It is a journey of some ten miles or so, under a clear sky and a
burning sun. We pass through fields of corn and lucerne, whose
wonderful green is piqued with little flowers, such as may be seen in
our climate. Hundreds of little birds sing to us distractedly of the
joy of life; the sun shines radiantly, magnificently; the impetuous
corn is already in the ear; it might be some gay pageant of our days
of May. One forgets that it is February, that we are still in the
winter--the luminous winter of Egypt.
Here and there amongst the outspread fields are villages buried under
the thick foliage of trees--under acacias which, in the distance,
resemble ours at home; beyond indeed the mountain chain of Libya, like
a wall confining the fertile fields, looks strange perhaps in its
rose-colour, and too desolate; but, nevertheless amidst this glad
music of the fields, these songs of larks and twitterings of sparrows,
you scarcely realise that you are in a foreign land.
Abydos! What magic there is in the name! "Abydos is at hand, and in
another moment we shall be there." The mere words seem somehow to
transform the aspect of the homely green fields, and make this
pastoral region almost imposing. The buzzing of the flies increases in
the overheated air and the song of the birds subsides until at last it
dies away in the approach of noon.
We have been journeying a little more than an hour amongst the verdure
of the growing corn that lies upon the fields like a carpet, when
suddenly, beyond the little houses and tress of a village, quite a
different world is disclosed--the familiar world of glare and death
which presses so closely upon inhabited Egypt: the desert!
of Libya, and now as ever when we come upon it suddenly from the banks
of the old river it rises up before us; beginning at once, without
transition, absolute and terrible, as soon as we leave the thick
velvet of the last field, the cool shade of the last acacia. Its sands
seem to slope towards us, in a prodigious incline, from the strange
mountains that we saw from the happy plain, and which now appear,
enthroned beyond, like the monarchs of all this nothingness.
The town of Abydos, which has vanished and left no wrack behind, rose
once in this spot where we now stand, on the very threshold of the
solitudes; but its necropoles, more venerated even than those of
Memphis, and its thrice-holy temples, are a little farther on, in the
marvellously conserving sand, which has buried them under its tireless
waves and preserved them almost intact up till the present day.
The desert!
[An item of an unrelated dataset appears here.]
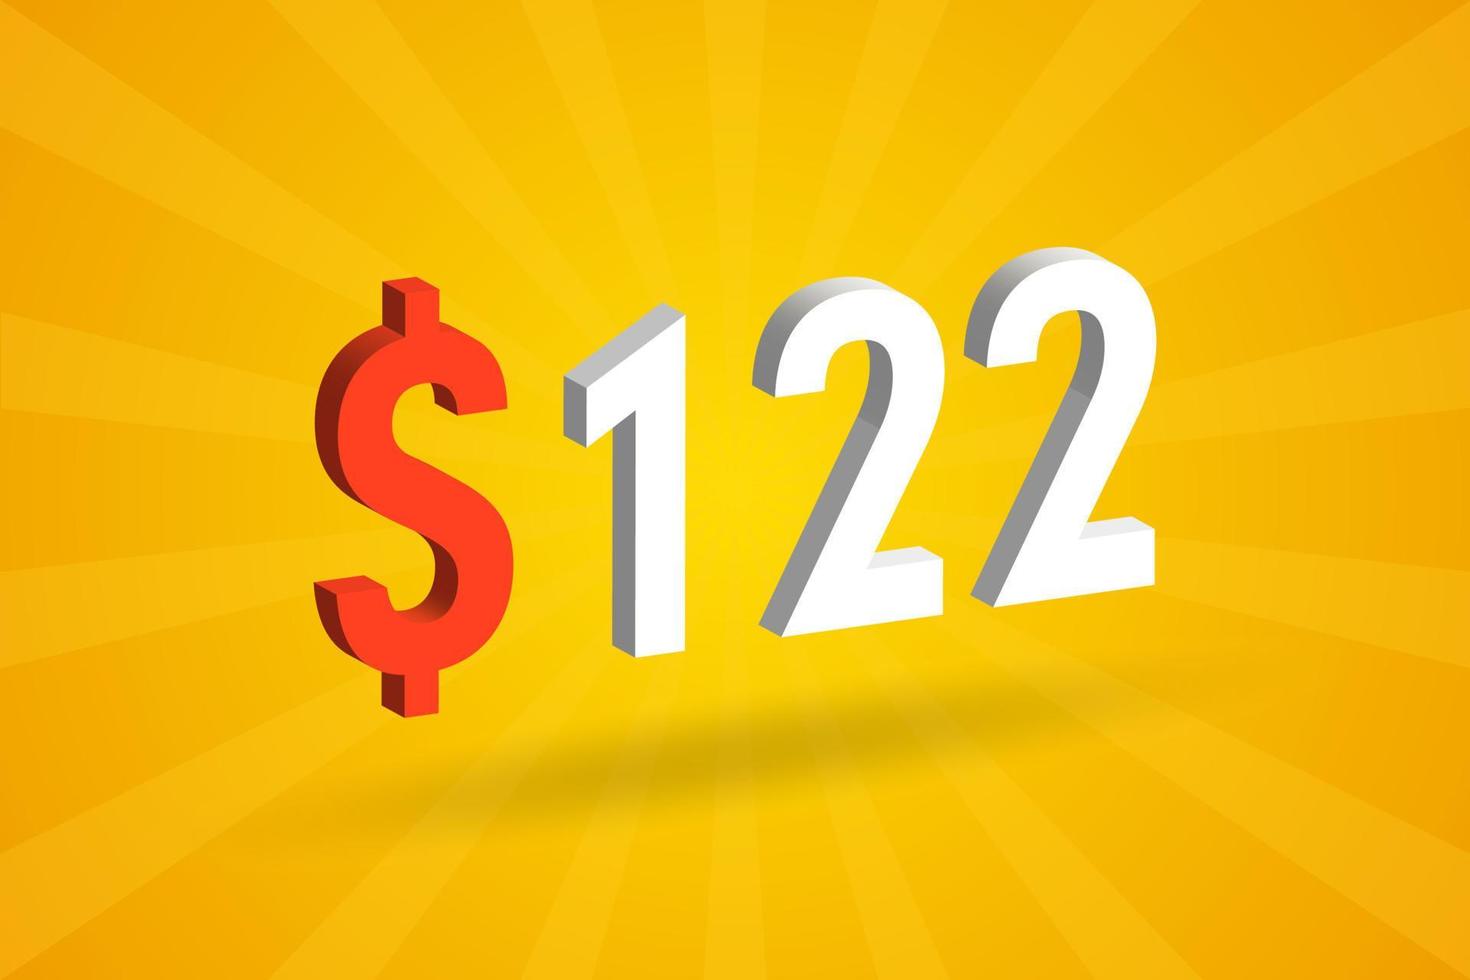 122 usd símbolo de texto 3d. 122 dólar de los estados unidos 3d con fondo amarillo vector de stock de dinero americano

As soon as we put foot upon its shifting soil, which
smothers the sound of our steps, the atmosphere too seems suddenly to
change; it burns with a strange new heat, as if great fires had been
lighted in the neighbourhood.
And this whole domain of light and drought, right away into the
distance, is shaded and streaked with the familiar brown, red and
yellow colours. The mournful reflection of adjacent things augments to
excess the heat and light. The horizon trembles under the little
vapours of mirage like water ruffled by the wind. The background,
which mounts gradually to the foot of the Libyan mountains, is strewn
with the debris of bricks and stones--shapeless ruins which, though
they scarcely rise above the sand, abound nevertheless in great
numbers, and serve to remind us that here indeed is a very ancient
soil, where men laboured in centuries that have drifted out of
knowledge. One divines instinctively and at once the catacombs, the
hypogea and the mummies that lie beneath!
These necropoles of Abydos once--and for thousands of years--exercised
an extraordinary fascination over this people--the precursor of
peoples--who dwelt in the valley of the Nile. According to one of the
most ancient of human traditions, the head of Osiris, the lord of the
other world, reposed in the depths of one of the temples which
to-day are buried in the sands. And men, as soon as their thought
commenced to issue from the primeval night, were haunted by the idea
that there were localities helpful, as if were, to the poor corpses
that lay beneath the earth, that there were certain holy places where
it behoved them to be buried if they wished to be ready when the
signal of awakening was given.
In old Egypt, therefore, each one,
at the hour of death, turned his thoughts to these stones and sands,
in the ardent hope that he might be able to sleep near the remains of
his god. And when the place was becoming crowded with sleepers, those
who could obtain no place there conceived the idea of having humble
obelisks planted on the holy ground, which at least should tell their
names; or even recommended that their mummies might be there for some
weeks, even if they were afterwards removed. And thus, funeral
processions passed to and fro without ceasing through the cornfields
that separate the Nile from the desert.
Abydos! In the sad human dream
dominated by the thought of dissolution, Abydos preceded by many
centuries the Valley of Jehosophat of the Hebrews, the cemeteries
around Mecca of the Moslems, and the holy tombs beneath our oldest
cathedrals! . . . Abydos! It behoves us to walk here pensively and
silently out of respect for all those thousands of souls who formerly
turned towards this place, with outstretched hands, in the hour of
The first great temple--that which King Seti raised to the mysterious
Prince of the Other World, who in those days was called Osiris--is
quite close--a distance of little more than 200 yards in the glare of
the desert. We come upon it suddenly, so that it almost startles us,
for nothing warns us of its proximity. The sand from which it has been
exhumed, and which buried it for 2000 years, still rises almost to its
Through an iron gate, guarded by two tall Bedouin guards in
black robes, we plunge at once into the shadow of enormous stones. We
are in the house of the god, in a forest of heavy Osiridean columns,
surrounded by a world of people in high coiffures, carved in bas-
relief on the pillars and walls--people who seem to be signalling one
to another and exchanging amongst themselves mysterious signs,
silently and for ever.
But what is this noise in the sanctuary? It seems to be full of
people. There, sure enough, beyond a second row of columns, is quite a
little crowd talking loudly in English. I fancy that I can hear the
clinking of glasses and the tapping of knives and forks.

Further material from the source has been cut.